In This Episode, Amy Explores
- Why the autonomic nervous system is a shared meeting point between yoga and integrative healthcare
- The Eight Limbs as a regulatory framework, not simply a set of techniques
- How regulation affects perception (viveka), behavior, communication, and ethical decision-making
- Why “coherence” matters: aligning life demands with inner and outer resources
- The Eight Limbs as a circle with eight doors—interrelated, non-hierarchical entry points
- The yamas and niyamas as the ethics of regulation, not moral perfection
- How yoga therapy differs from fitness-based yoga: assessment, client-centered care, scope, and responsibility
- Why this season includes more solo teaching episodes, with select guests across disciplines
- How listeners can develop simple language and metaphors (like the stoplight model) to explain regulation
Invitation for the Season
As you listen this year, consider tracking phrases, metaphors, and explanations that help make complex ideas accessible.
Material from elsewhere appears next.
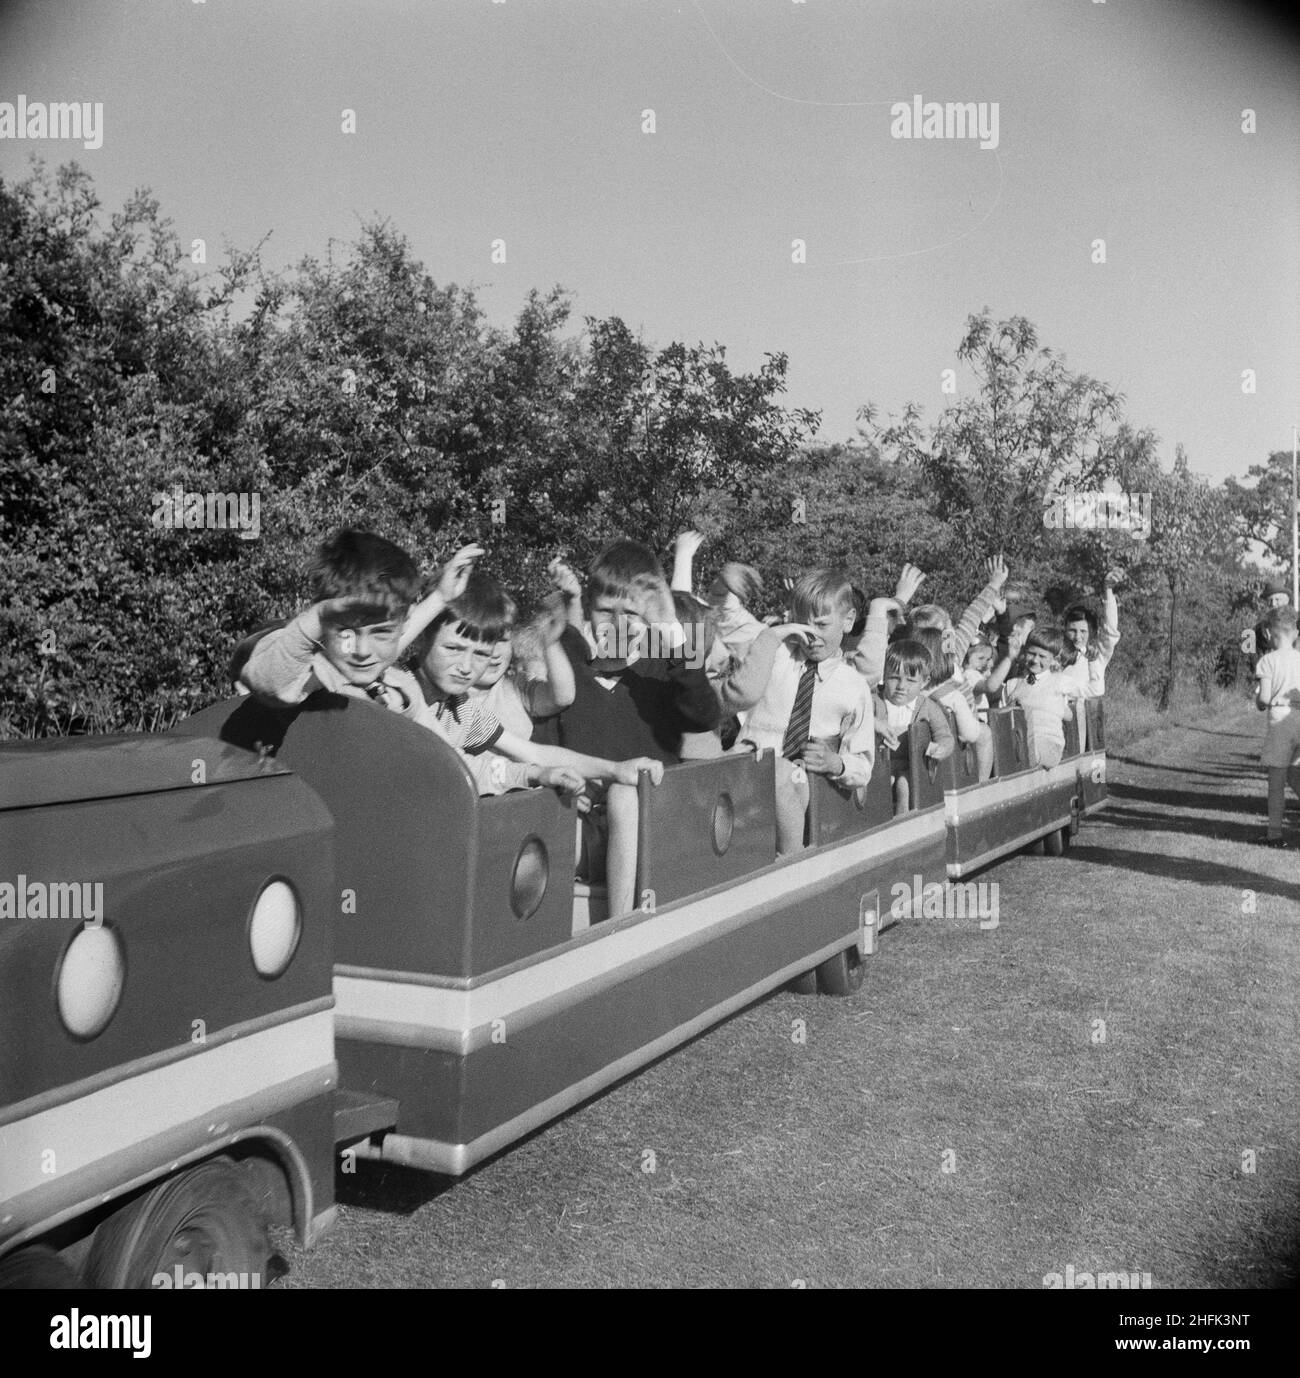 Laing Sports Ground, Rowley Lane, Elstree, Barnet, London, 18/06/1955. Children riding in a miniature train carriage and waving at the camera during a Laing sports day at Elstree. This sports day was attended by people from Laing contracts in Thurleigh, Bradford, Harlow, Shell Haven, London, Welwyn Garden City, Leicester and even as far as Plymouth. The day included field and track competitions as well as special attractions including Scottish dancing, a flower show, gymnastic displays and music by the Silver Band of the 5th Hendon Company Boys' Brigade. Stock Photo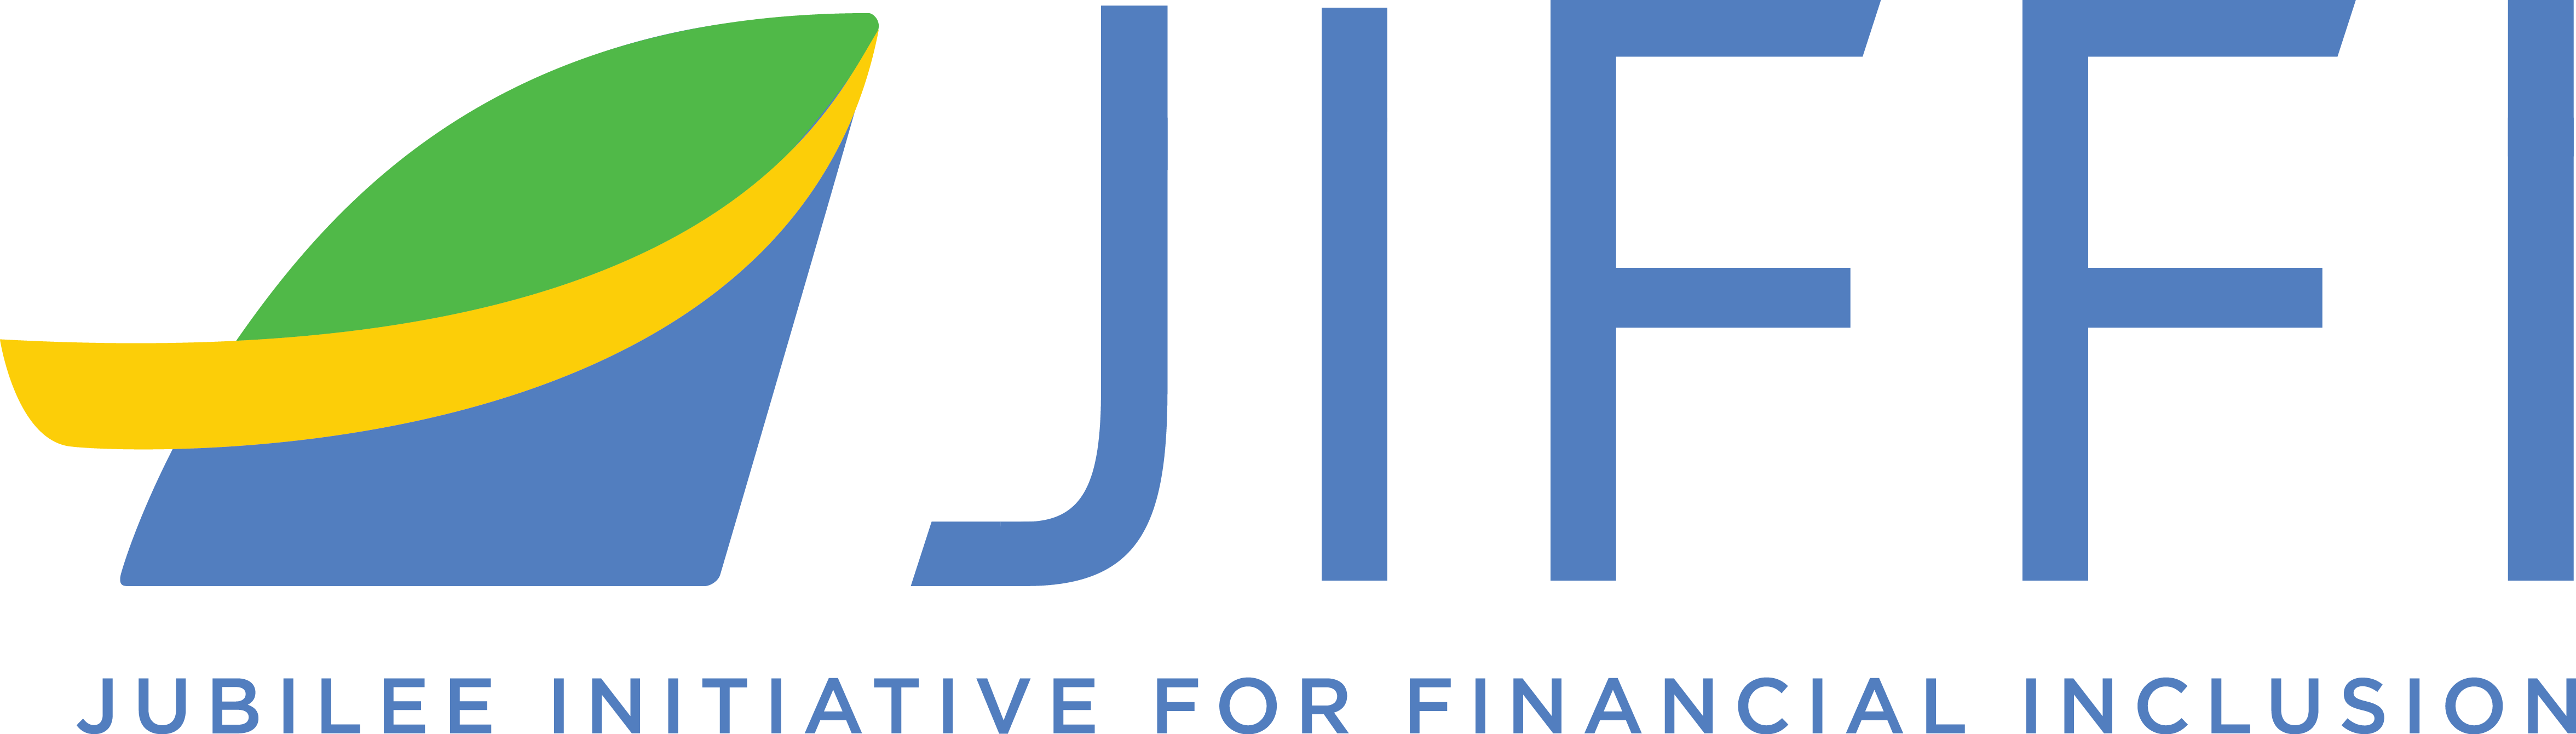 The Jubilee Initiative for Financial Inclusion

This season is designed as a shared learning laboratory—supporting personal regulation, while also strengthening the collective capacity to communicate clearly about yoga therapy in integrative health spaces.
Host: Amy Wheeler at www.TheOptimalState.com
About: Chair, Yoga Therapy & Ayurveda Department, Notre Dame of Maryland University
Also Featured: insights informed by Amy’s work with the Polyvagal Institute
Subscribe, Share, and Stay Connected
If this season supports your personal practice or your professional path, consider subscribing, sharing an episode with a colleague, and following along as the series unfolds across 2026.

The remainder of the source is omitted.